RAID is a storage technology that combines multiple disk drives components into a logical unit.
Data is distributed across the drives in one of several ways called "RAID levels", depending on what level of redundancy and performance is required.

RAID Levels:

RAID 0:

block-level striping without parity or mirroring, has no (or zero) redundancy. It provides improved performance and additional storage but no fault tolerance. Any drive failure destroys the array, and the likelihood of failure increases with more drives in the array (at a minimum, catastrophic data loss is almost twice as likely compared to single drives without RAID).
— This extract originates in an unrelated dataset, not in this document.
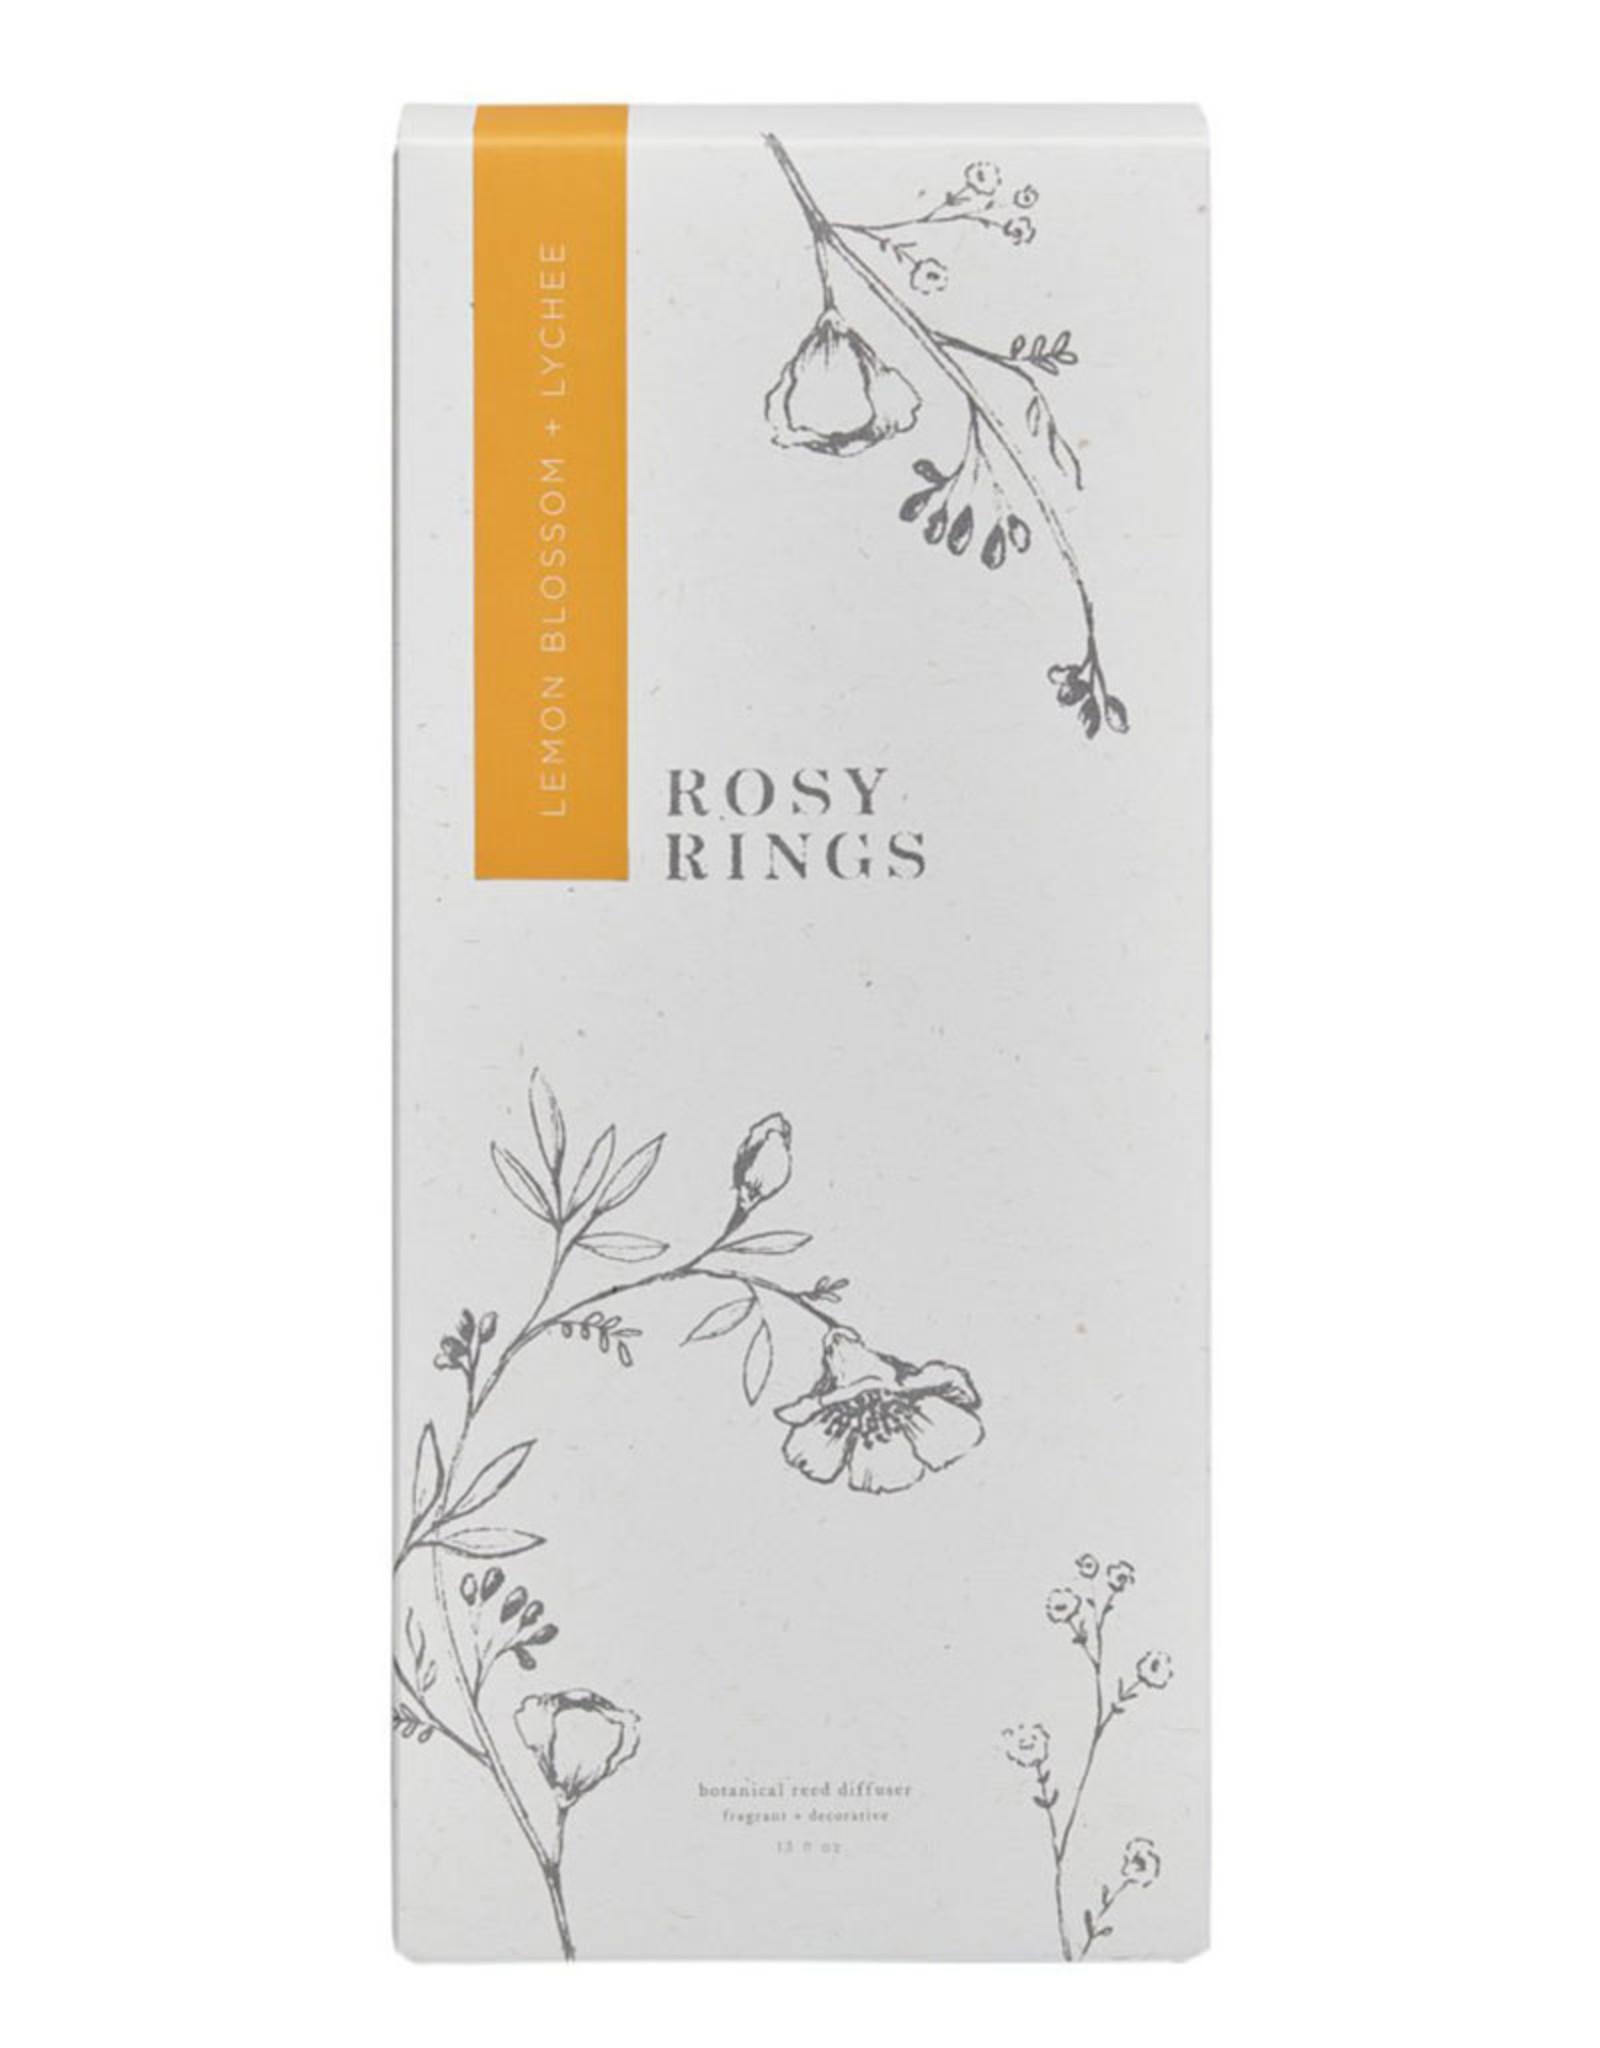 ROSY RINGS LEMON BLOSSOM & LYCHEE BOTANICAL DIFFUSER

A single drive failure destroys the entire array because when data is written to a RAID 0 volume, the data is broken into fragments called blocks. The number of blocks is dictated by the stripe size, which is a configuration parameter of the array. The blocks are written to their respective drives simultaneously on the same sector. This allows smaller sections of the entire chunk of data to be read off the drive in parallel, increasing bandwidth.

RAID0 Advantages:

• High performance (speed rate) of writing on the disks.
• Additional disk space by combining more than one disk together.

Flaws:

• Cannot specify the actual place for one file (split in multiple disks).
• A single drive failure destroys the entire array.

RAID 1:

mirroring without parity or striping, data is written identically to multiple drives, thereby producing a "mirrored set"; at least 2 drives are required to constitute such an array. While more constituent drives may be employed, many implementations deal with a maximum of only 2. The array continues to operate as long as at least one drive is functioning. With appropriate operating system support, there can be increased read performance, and only a minimal write performance reduction; implementing RAID 1 with a separate controller for each drive in order to perform simultaneous reads (and writes) is sometimes called multiplexing (or duplexing when there are only 2 drives).

RAID1 Advantages:

• An entire data backed up (including the OS itself).
• A possibility to rebuild the array if one drive fail, simply by replacing it with another while the system operates.

Flaws:

• Slowness in writing process.
• A waste of entire drive (or more).

RAID 5:

(block-level striping with distributed parity) distributes parity along with the data and requires all drives but one to be present to operate; the array is not destroyed by a single drive failure. Upon drive failure, any subsequent reads can be calculated from the distributed parity such that the drive failure is masked from the end user. However, a single drive failure results in reduced performance of the entire array until the failed drive has been replaced and the associated data rebuilt.

RAID5 Advantages:

• A possibility to rebuild the array by replacing the fail drive (but you have to wait until the rebuilding process completes before you start the system).
• Reduce the amount of wasted drives to just one.
• Faster than Raid 1 in writing on the disk.

Flaws:

• Waste time in rebuilding process.
• Waste one drive all the time.

RAID 10:

It's a combine between RAID1 & RAID0. First you establish a RAID1 level on 2 drives and another RAID1 on other 2 drives too, then you make RAID0 between the 2 logical volumes you had. It always requires at least 4 drives to function.

RAID10 Advantages:

• The possibility of data recovering.
• Can be rebuild if one drive fails, (or two from different RAID1 array).
• The possibility to convert to simple RAID0 level anytime.

Flaws:

• Waste of 2 drives (or more).
• Slowness while writing on disks.